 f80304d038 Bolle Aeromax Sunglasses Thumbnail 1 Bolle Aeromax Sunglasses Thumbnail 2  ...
☆ ☆ ☆ ☆
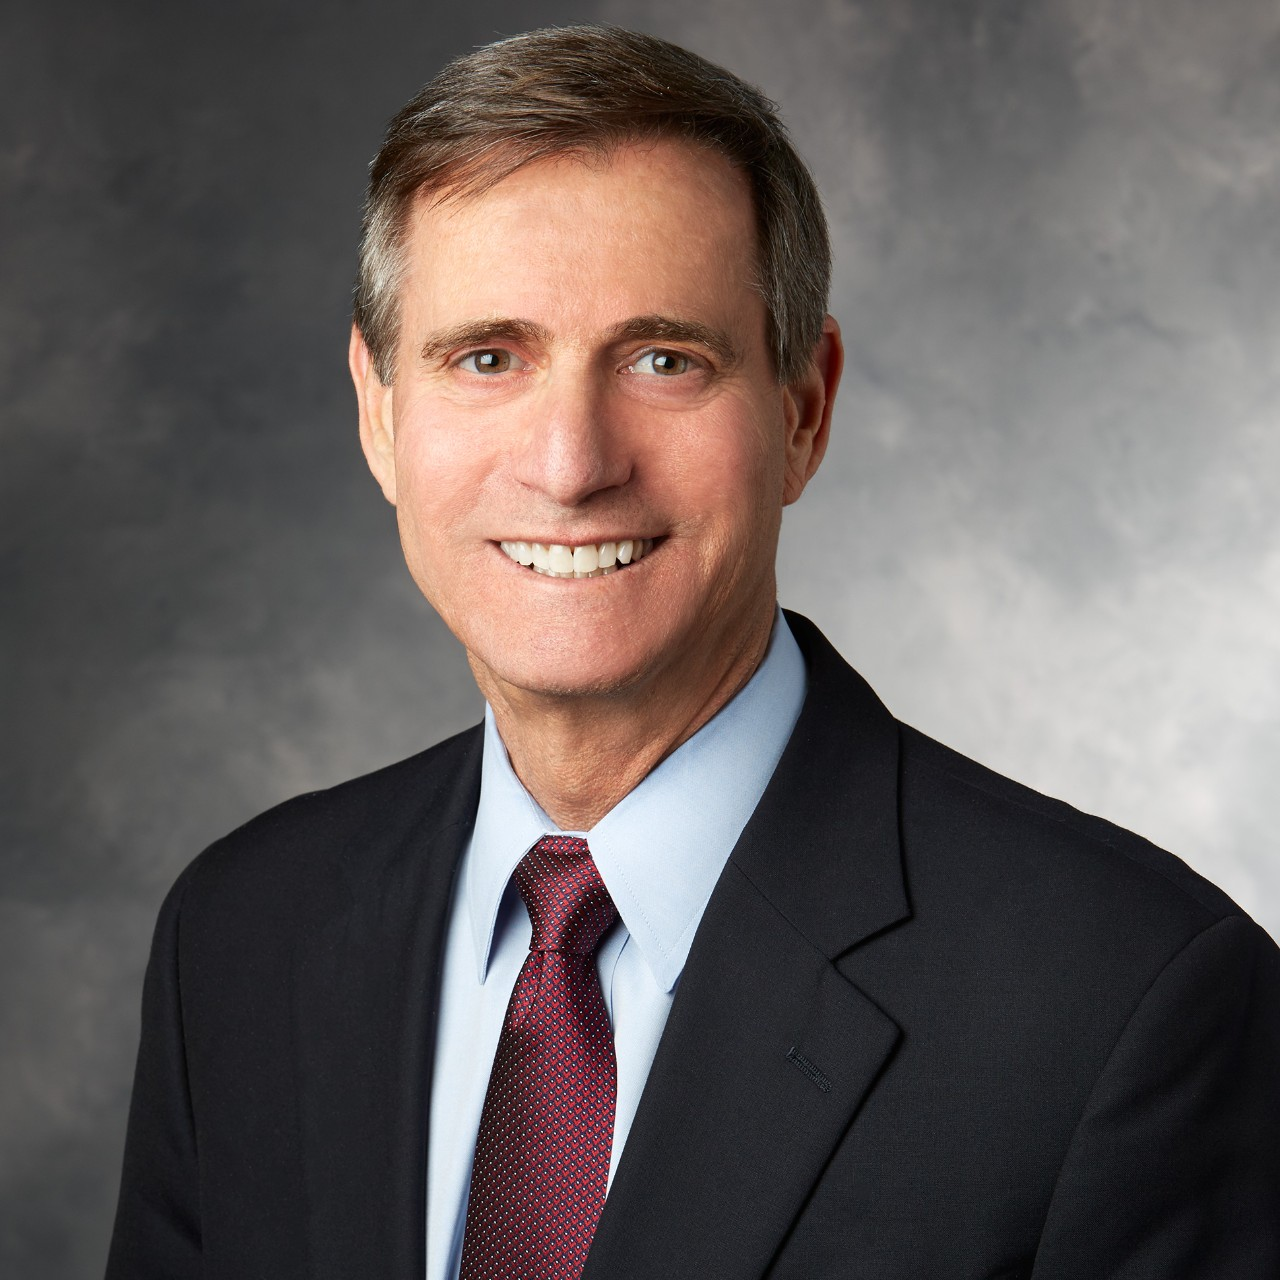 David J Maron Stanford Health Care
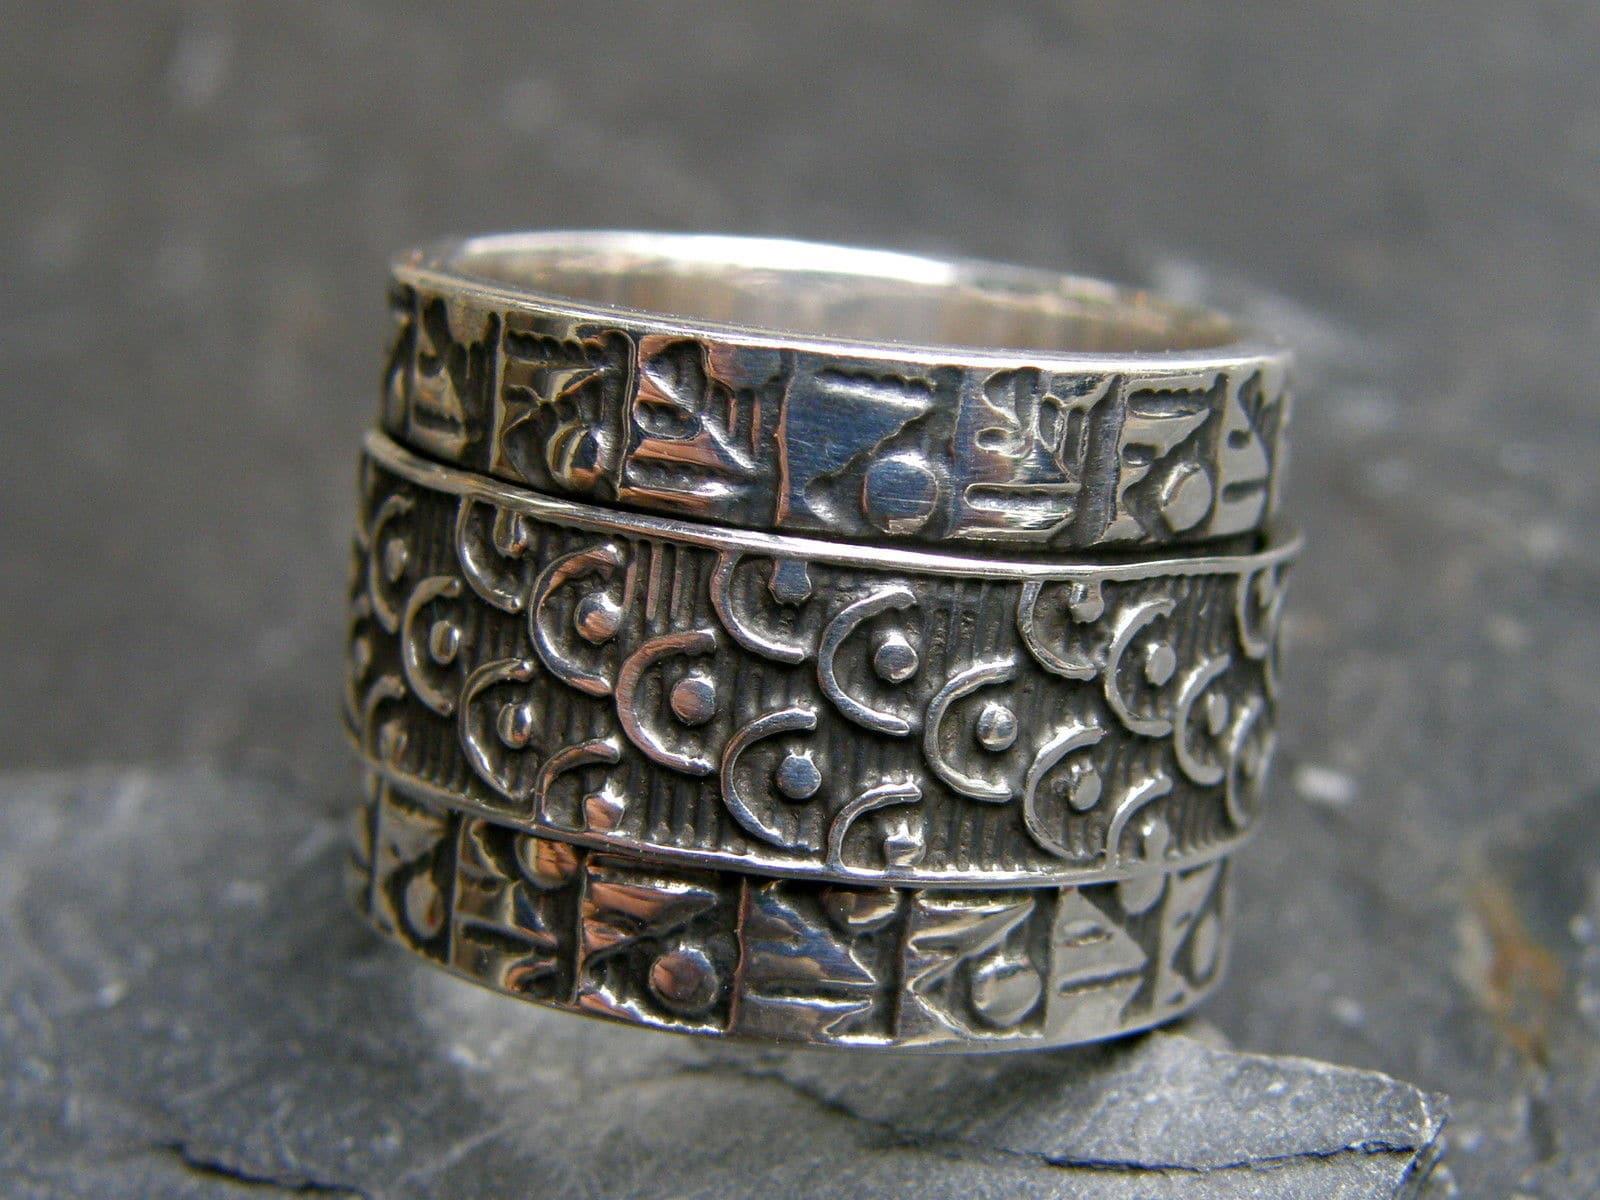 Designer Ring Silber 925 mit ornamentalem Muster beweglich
☆ ☆ ☆ ☆
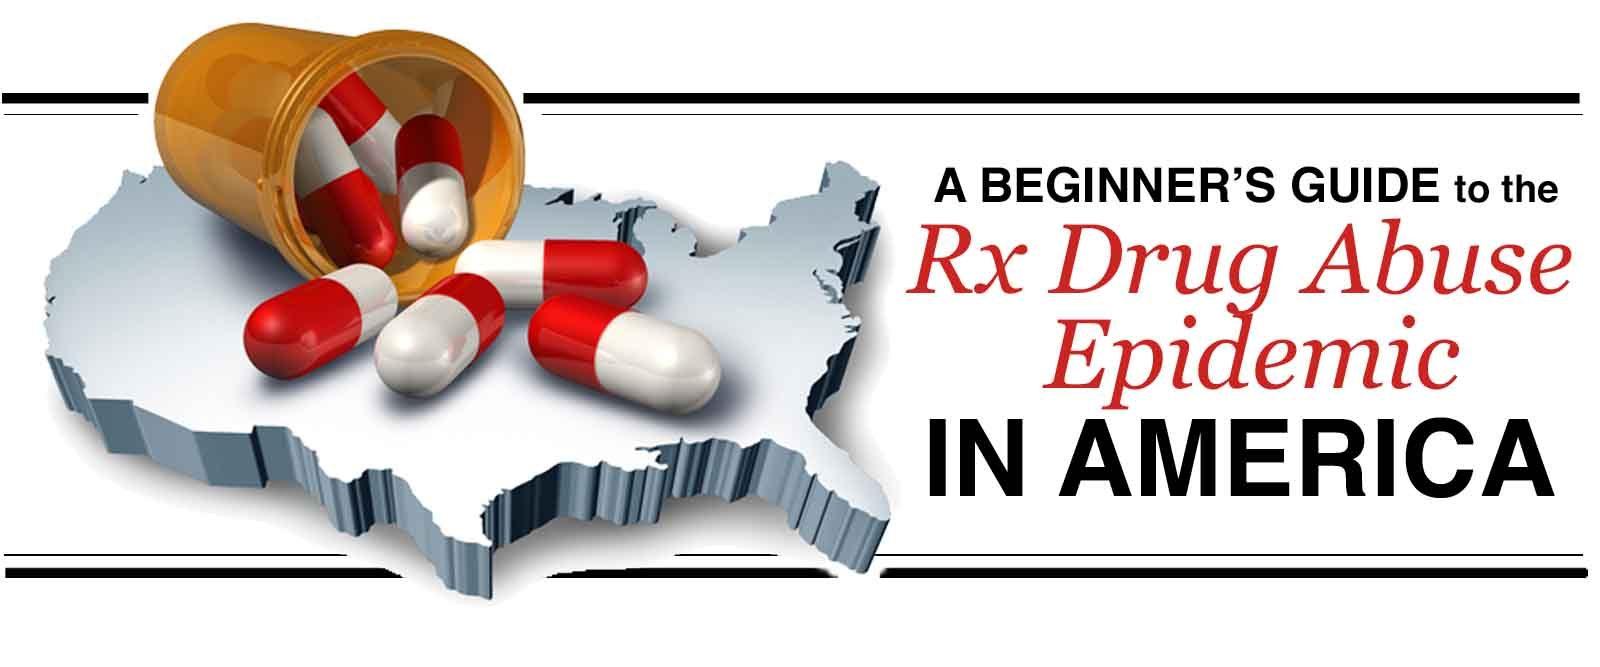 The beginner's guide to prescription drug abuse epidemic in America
☆ ☆ ☆ ☆
> **Your goal**
Copy only the lines above from the one containing "David J Maron Stanford Health Care" through the one containing "Designer Ring Silber", both included. Leave out the pictures.

> **Exercise response**
 David J Maron Stanford Health Care
 Designer Ring Silber 925 mit ornamentalem Muster beweglich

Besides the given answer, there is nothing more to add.